The first category—generalization—refers to model performance in previously unseen data and has been outlined in detail above. It constitutes the most rudimentary performance measure of an ML model. While employing cross-validation techniques (score 0) avoids data leakage and provides a principled estimate of generalization performance, it is important to note that (nested) cross-validation should be used for initial model evaluation and hyperparameter optimization only. At current, the results of most machine learning studies in psychiatry might well have arisen from small test-sets as is typical for cross-validation. In contrast, using a large, independent test set (score 1) yields a more stable, reliable estimate of future performance. Finally, using a large, external test set (score 2), i.e., a test set to which the creators of the initial model did not have access at training time, and which was drawn independently from the training set, is optimal. To this end, online model repositories (e.g., www.photon-ai.com/repo) provide valuable infrastructure which greatly simplifies external validation in practice. Here, a research group can make available a trained model, and have it tested on independent data, providing an opportunity to assess the geographic, demographic, and phenotypic generalizability of a published model. In addition, incremental learning can be used to train certain ML models, allowing a research group to further train a pre-trained model with their own data, affording cross institution collaboration without the need for data sharing (for more information, see the partial fit method in sklearn41).

The second category—model scope—refers to the group of individuals about whom the model can make reasonable predictions. If a convenience sample (score 0) is used for training and testing, we cannot expect the model to perform well on different samples. If the sample is representative for a site or local subpopulation (score 1), we can expect it to perform as intended at this site without any guarantees with regard to other sites or subpopulations. Only testing on a representative sample of the target population (score 2) ensures reliable performance estimates that translate into clinical practice. From this point of view, the current use of exclusion criteria appears highly problematic. While perfectly reasonable if we seek to test hypotheses to gain insight into mechanisms or advance theory, excluding patients with e.g., certain comorbidities inevitably entails that our model’s utility for this patient group cannot be estimated, thereby severely hampering its applicability in clinical practice.

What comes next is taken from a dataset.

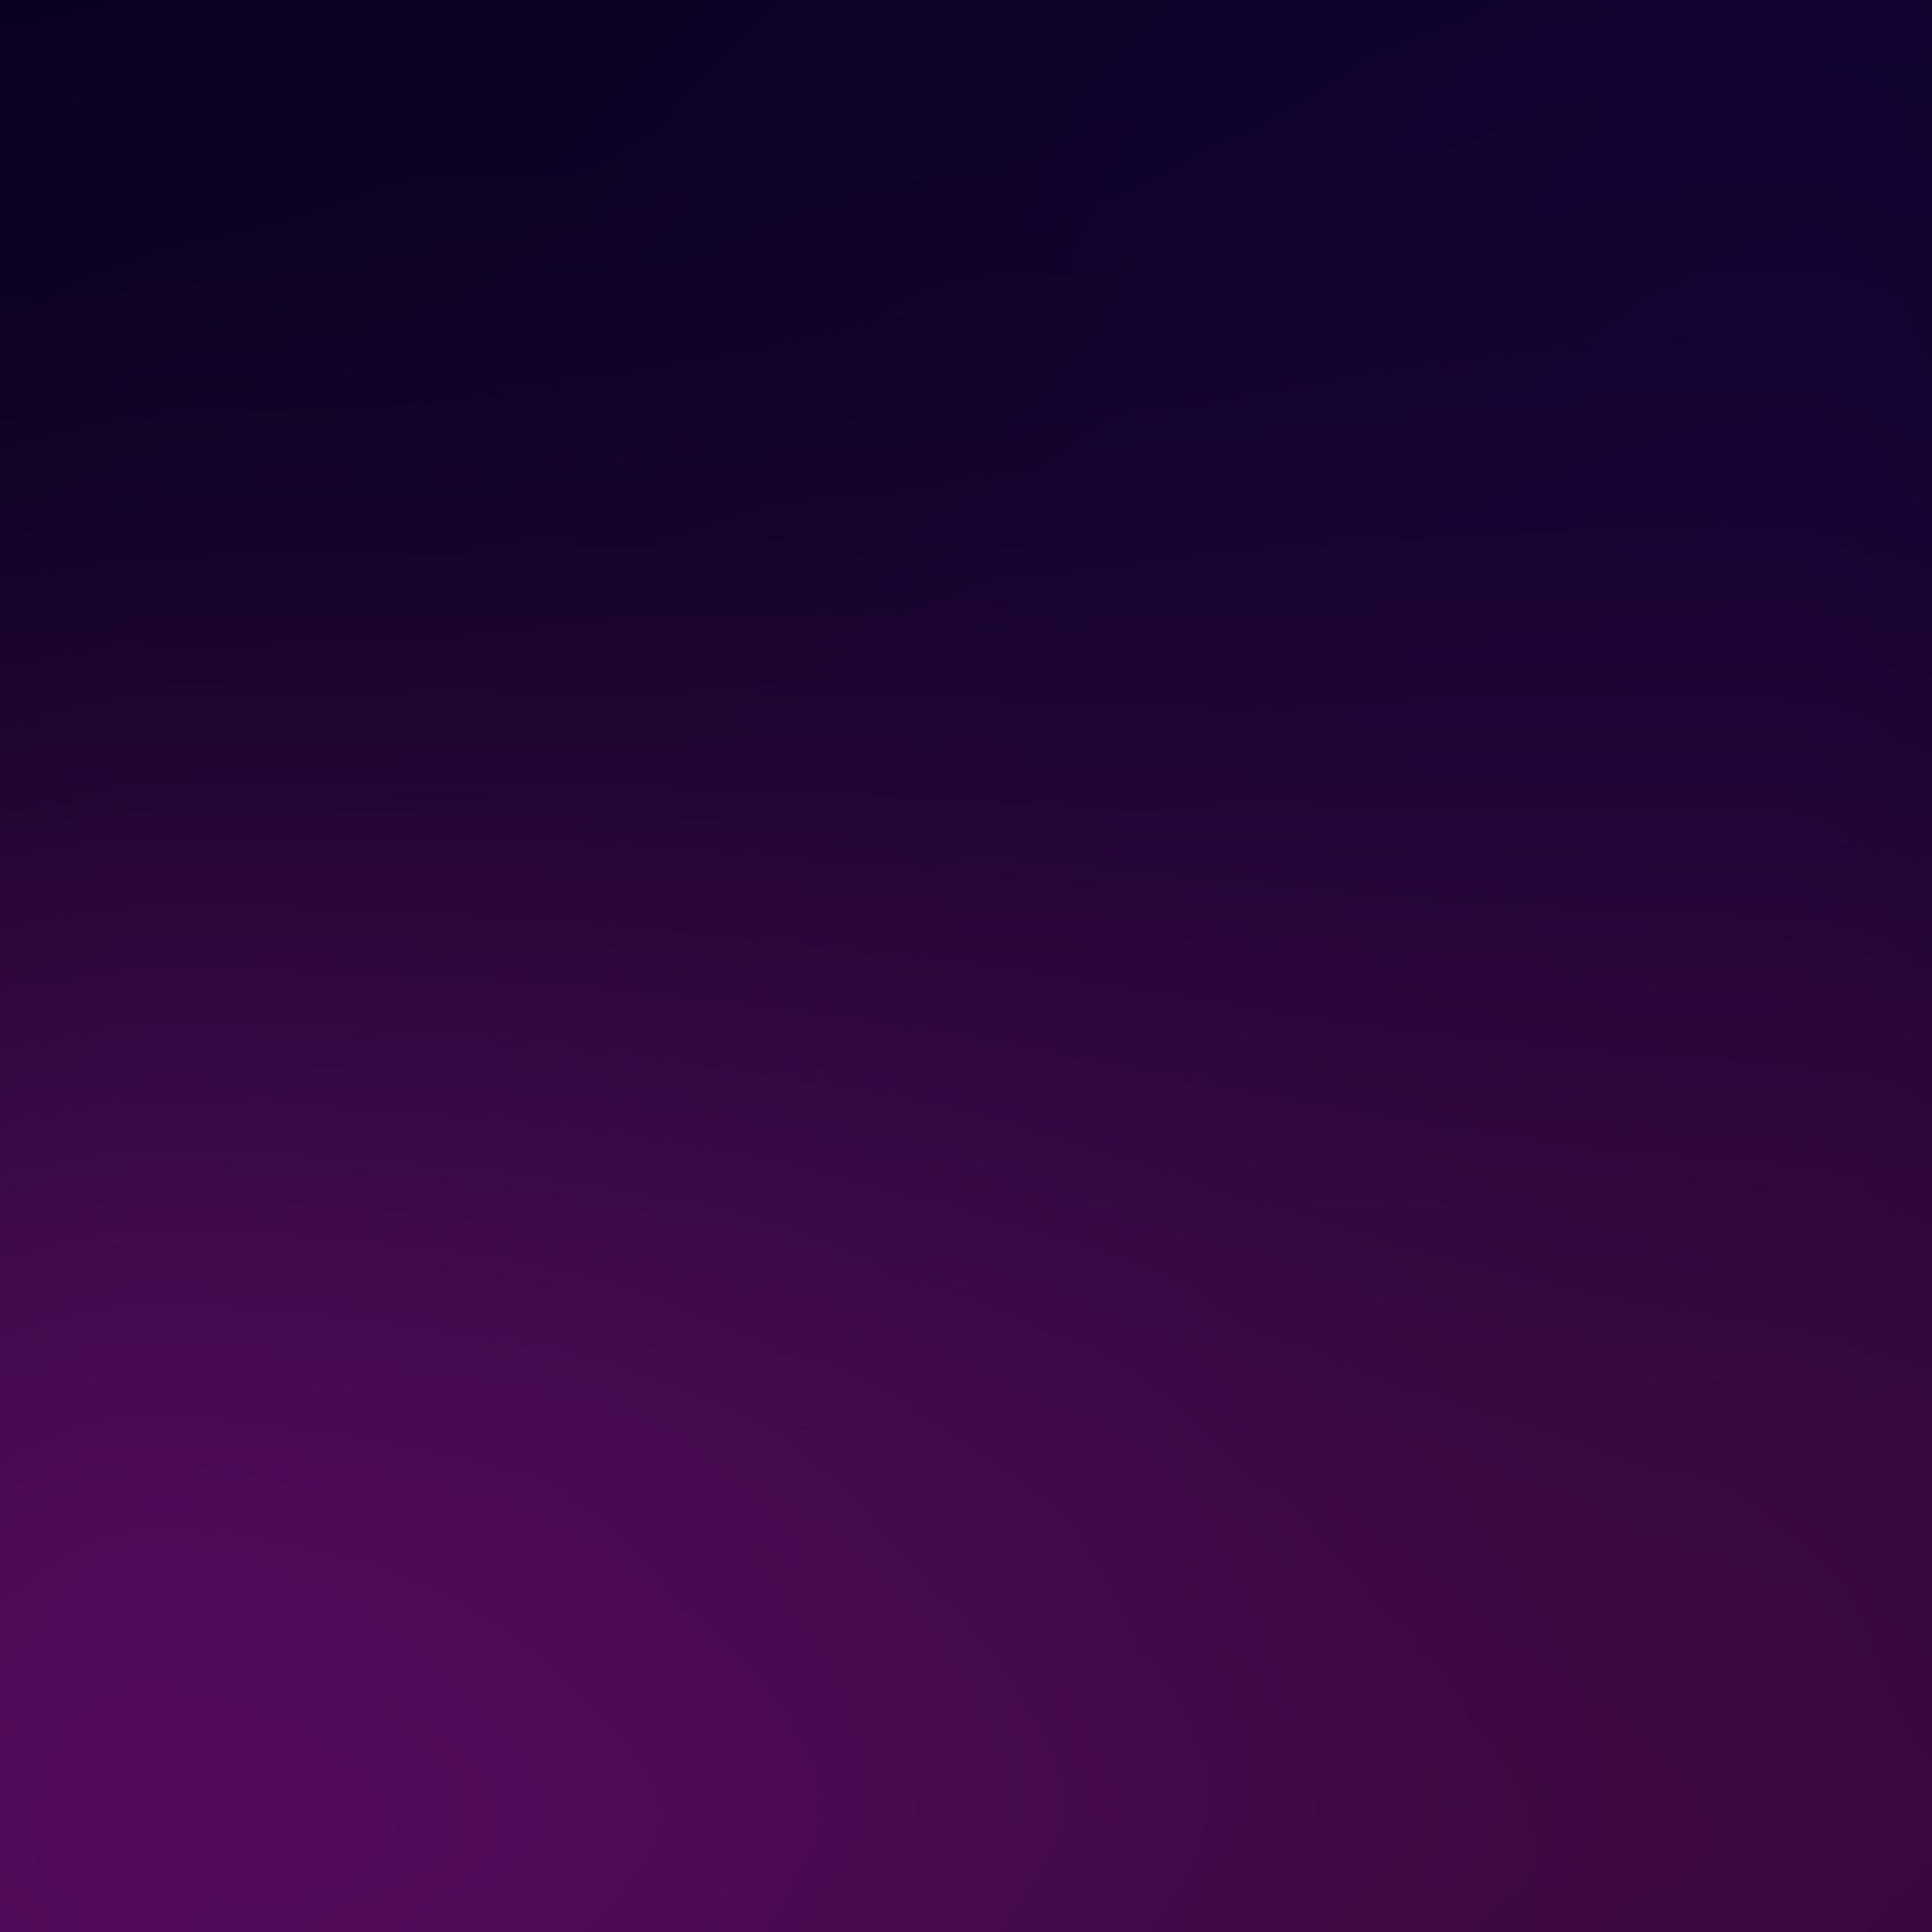 Plain Color Wallpaper For Iphone Sk61 Dark Purple Blur Gradation Wallpaper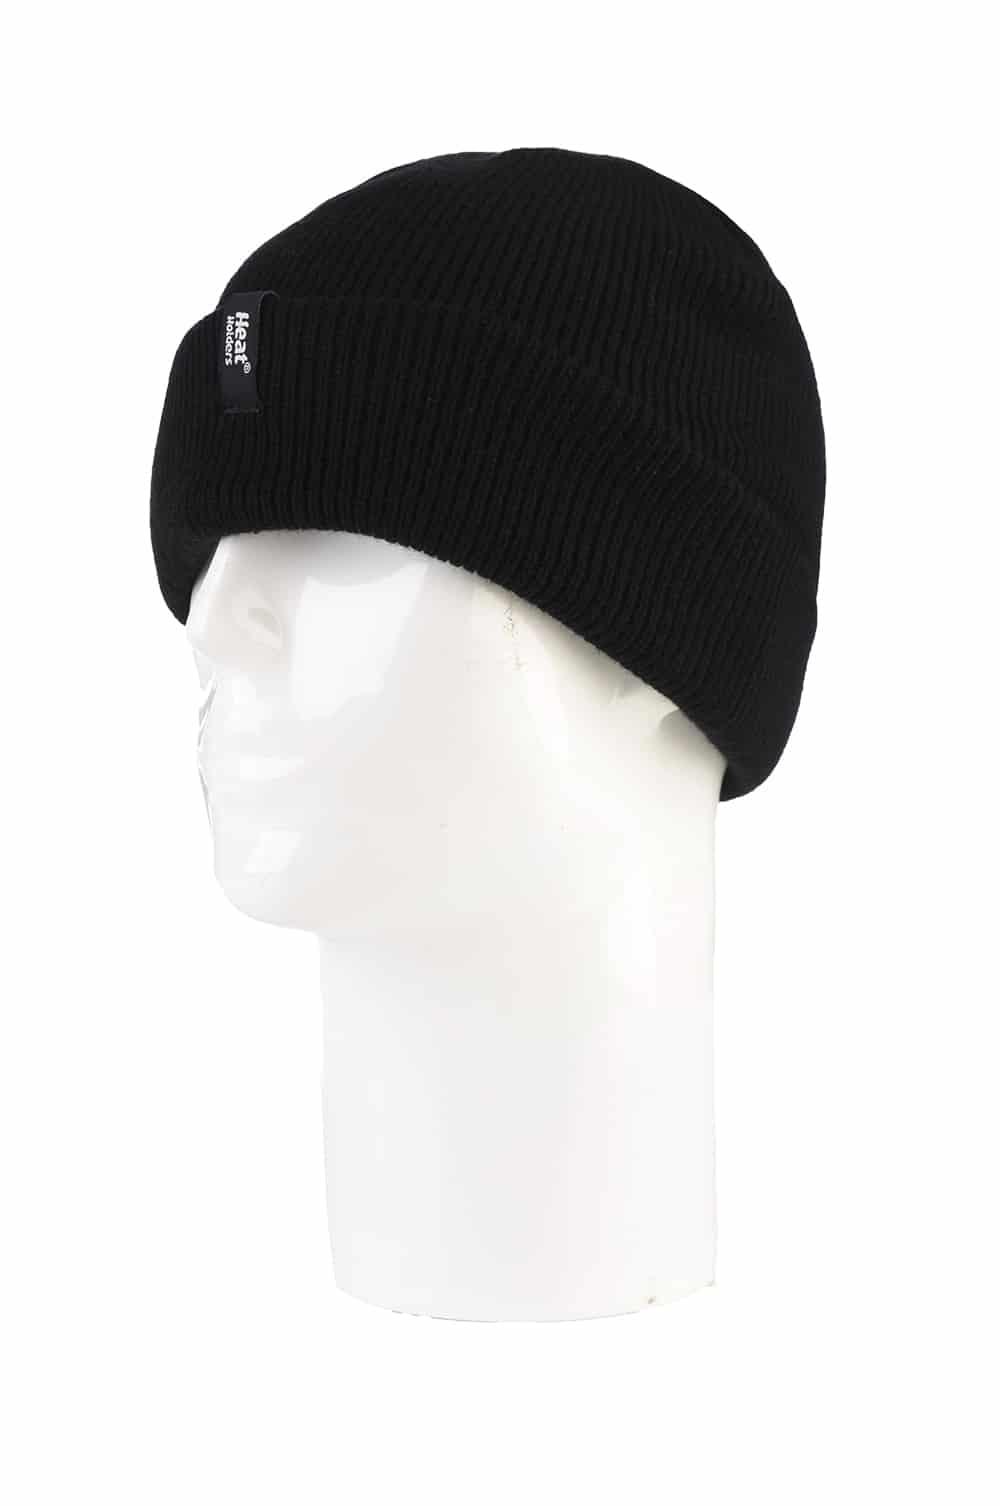 Men's Heat Holders Black Winter Fleece Lined Turnover Cuff Thermal Hat

The third category—incremental utility—refers to the added value a machine learning model confers as compared to current practice42. While most studies do not assess incremental utility (score 0), showing higher efficiency or effectiveness with regard to the current state-of-the-art (score 1) is essential. If a model or project cannot show or does not intend to do this, little in the way of clinical translation can be expected. Thus, the essential goal should always be that a project reaches a stage in which it outperforms current state-of-the-art in real-life workflow (score 2). Although experimental approaches such as randomized controlled trials seem optimally suited to show incremental utility, they are rarely used in medical ML research today. This concept also highlights a misalignment of expectations with regards to model performance. A commonly held view is that a model needs to be highly accurate to be of clinical use. However, if a model can outperform its opportunity cost, that is, current state of the art clinical practice free of decision support systems, then patient utility can be maximized at scale. As previously mentioned, clinician rated accuracy to predict remission in the STAR-D cohort was ~49.3%, whilst that of a weak to moderately accurate AI model ranged between 59.6% to 64.6% accuracy. Whilst far from perfect, a clinically meaningful increase in prognostic certainty was attained. Therefore, the absolute accuracy of a classifier should not serve as an indicator of clinical utility, but the relative increase in prognostication compared to current state of the art practice.

Using this simple checklist, we can now evaluate a project or publication with regard to its position on the continuum spanning from “proof-of-concept stage” to “ready for clinical application”. Note that the three categories outlined above build upon each other in the sense that a model with bad generalization cannot have a broad model scope. Likewise, to show incremental utility, a model must generalize well and have reasonable model scope. Thus, insufficient scores in one category cannot be compensated by higher scores in any other category. See Fig. 2 for an illustration of this general workflow.

Fig. 2: Illustration of the full best practice workflow from pipeline construction through to project maturity assessment.
figure 2

Dependent on the sample, crossvalidationscheme, and measurement of incremental utility compared to current clinical practice, a project can fall into 3 distinct phases of project maturity dictating its readiness for clinical use

Once an ML model reaches the level we term “ready for clinical application”, other considerations regarding post-deployment evaluation, security, and algorithmic bias come into focus31. While often crucially important, their impact depends heavily on the context in which the model is used. If, for example, we could be sure that the model draws on measures of causal mechanisms, we can assume that the relationship will not change over time, rendering post-deployment evaluation less important. Also, an ML model deployed in a consumer application for smartphones might require much higher security (e.g., regarding adversarial attacks and data security, i.e., hacking of smartphone input data leading to erroneous model outputs and therapeutic decisions) than is necessary in a closed hardware-based device used in the clinic only. Finally, as ML models are not programmed, but trained, they will mimic systematic biases inherent in their training data. This potential algorithmic bias must be carefully investigated. While it can often be eradicated by retraining without the variables causing the bias, we need to be aware of a bias to be able to remove it. Thus, human involvement is crucial at this point (for an in-depth discussion, see ref. 43).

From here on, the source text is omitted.